## Data below:
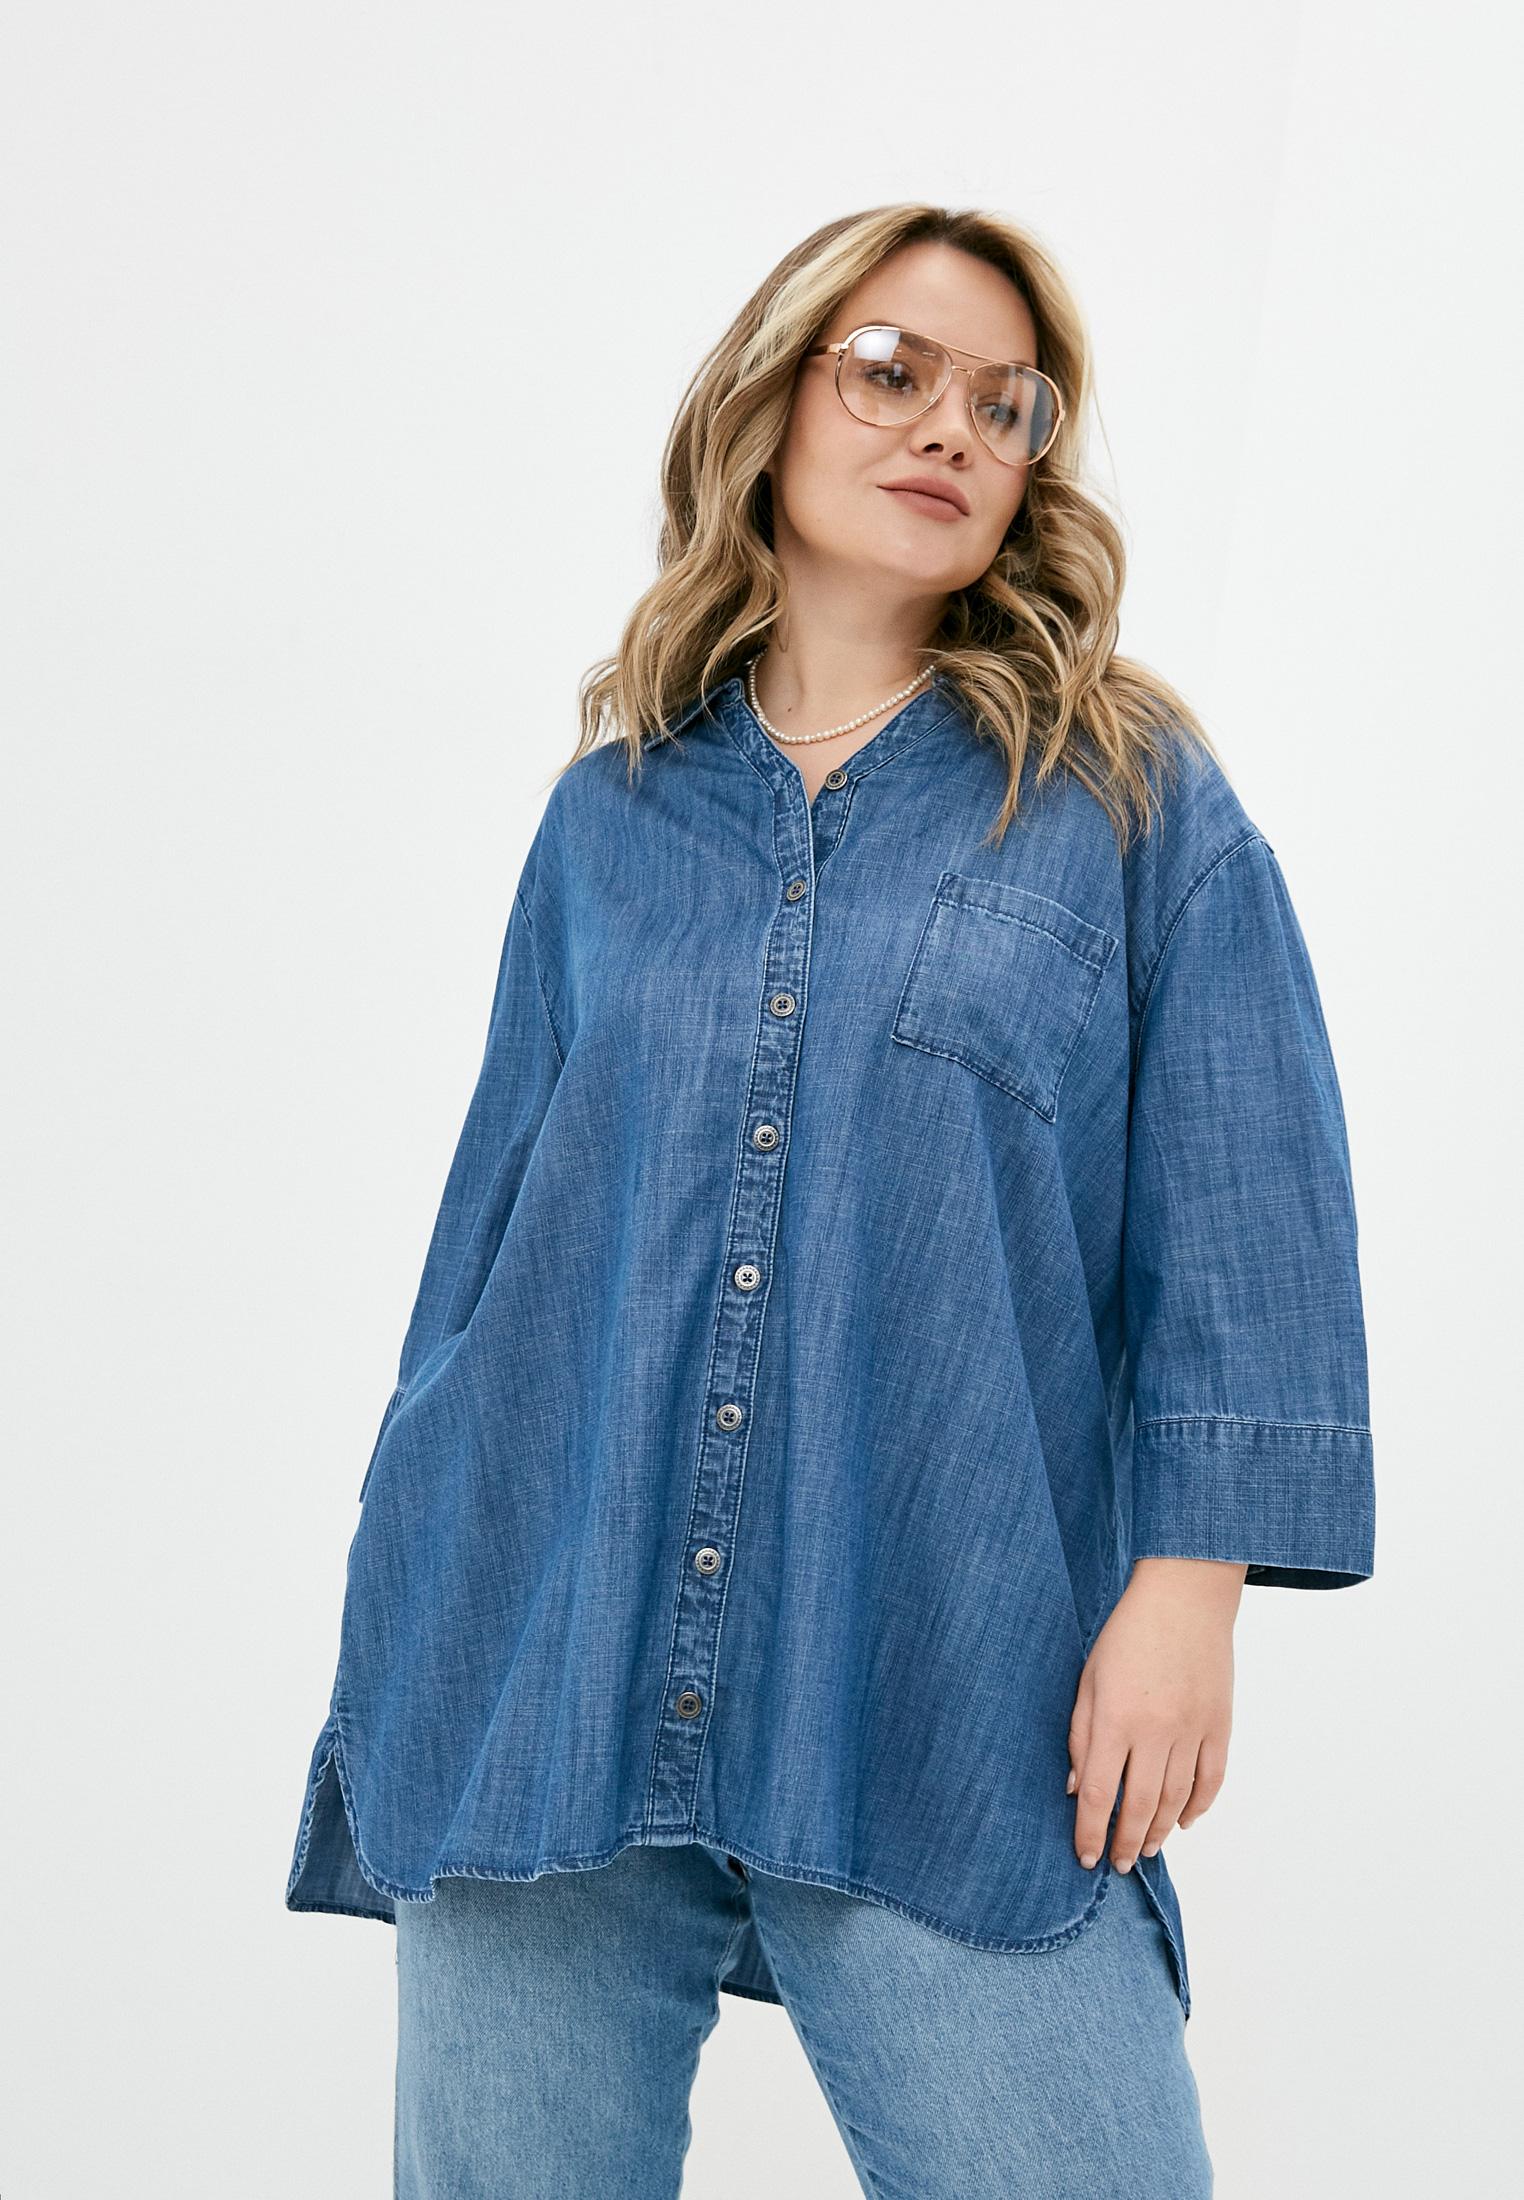 Женские джинсовые рубашки Ulla Popken (Улла Попкен) Рубашка джинсовая Ulla Popken
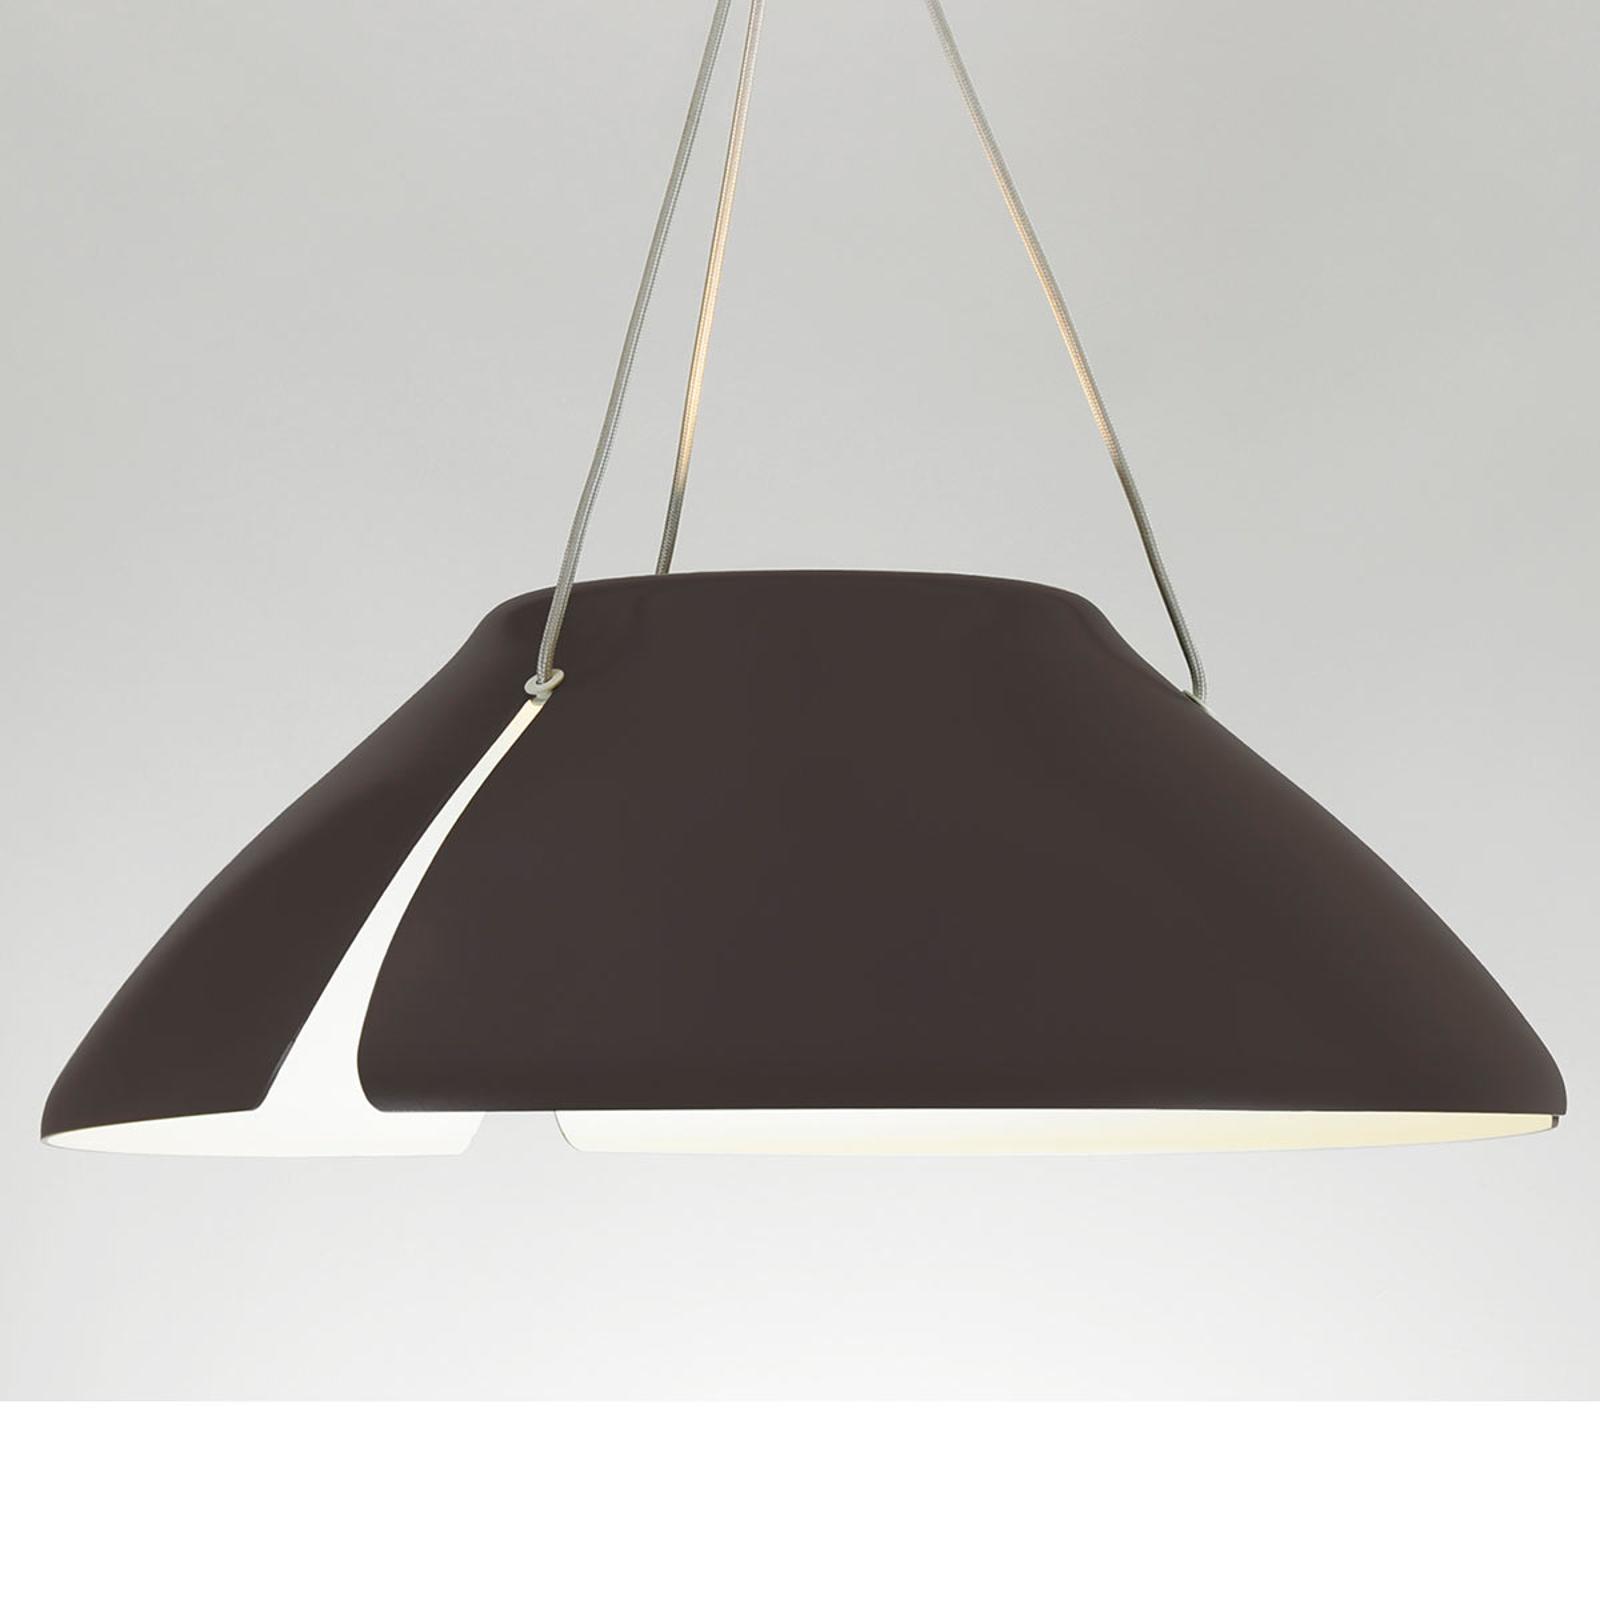 Braune LED-Hängeleuchte Gingko S50 50 cm
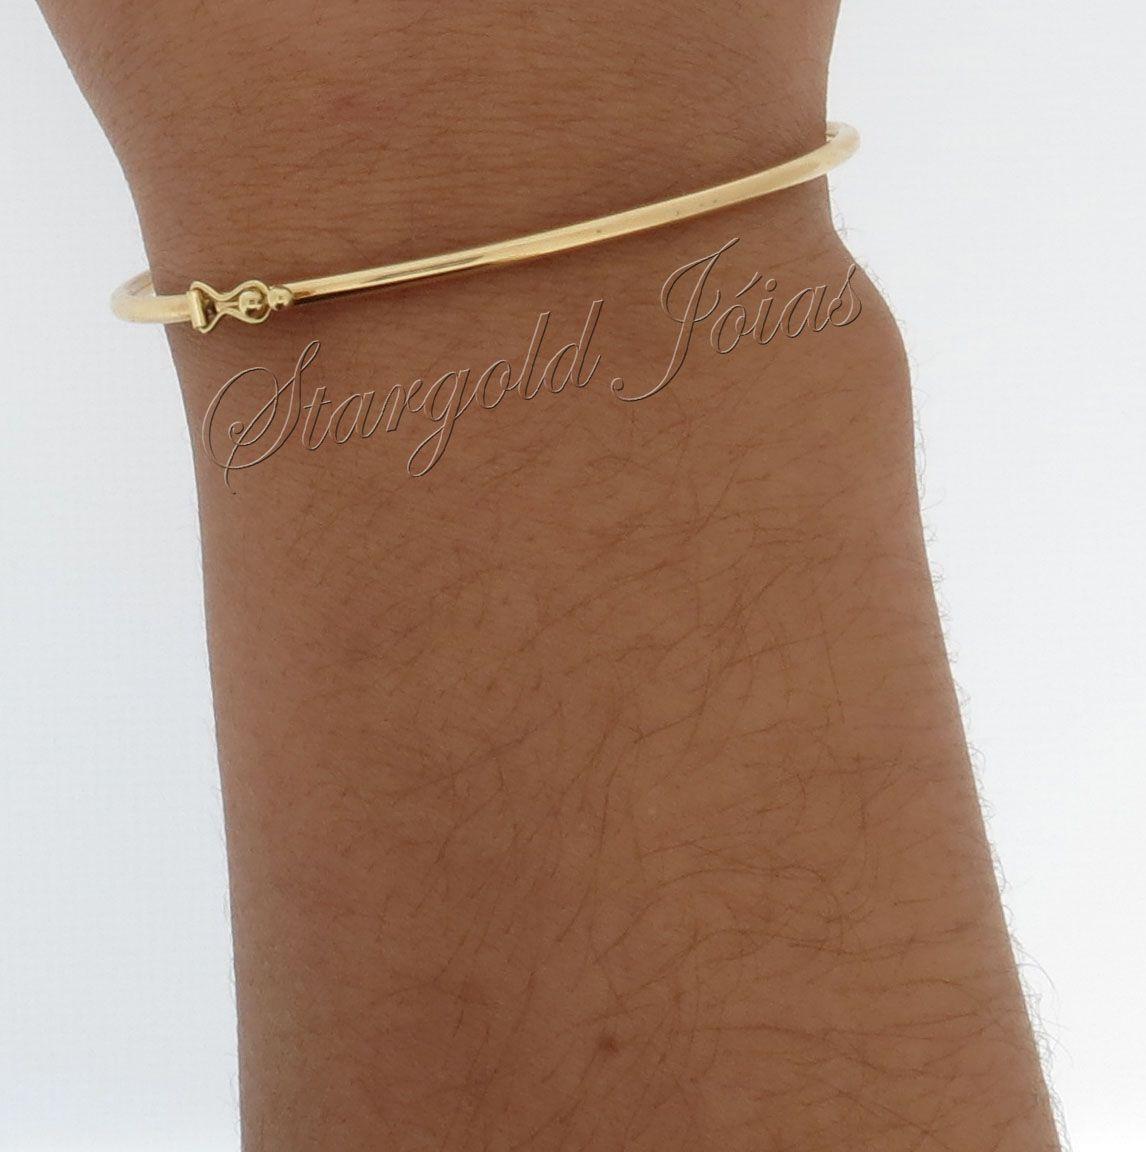 Bracelete com Trava de Segurança Fio Redondo Ouro 18k

## Problem requirements:
Print the data above exactly, minus pictures.

## Completed task:
 Женские джинсовые рубашки Ulla Popken (Улла Попкен) Рубашка джинсовая Ulla Popken
 Braune LED-Hängeleuchte Gingko S50 50 cm
 Bracelete com Trava de Segurança Fio Redondo Ouro 18k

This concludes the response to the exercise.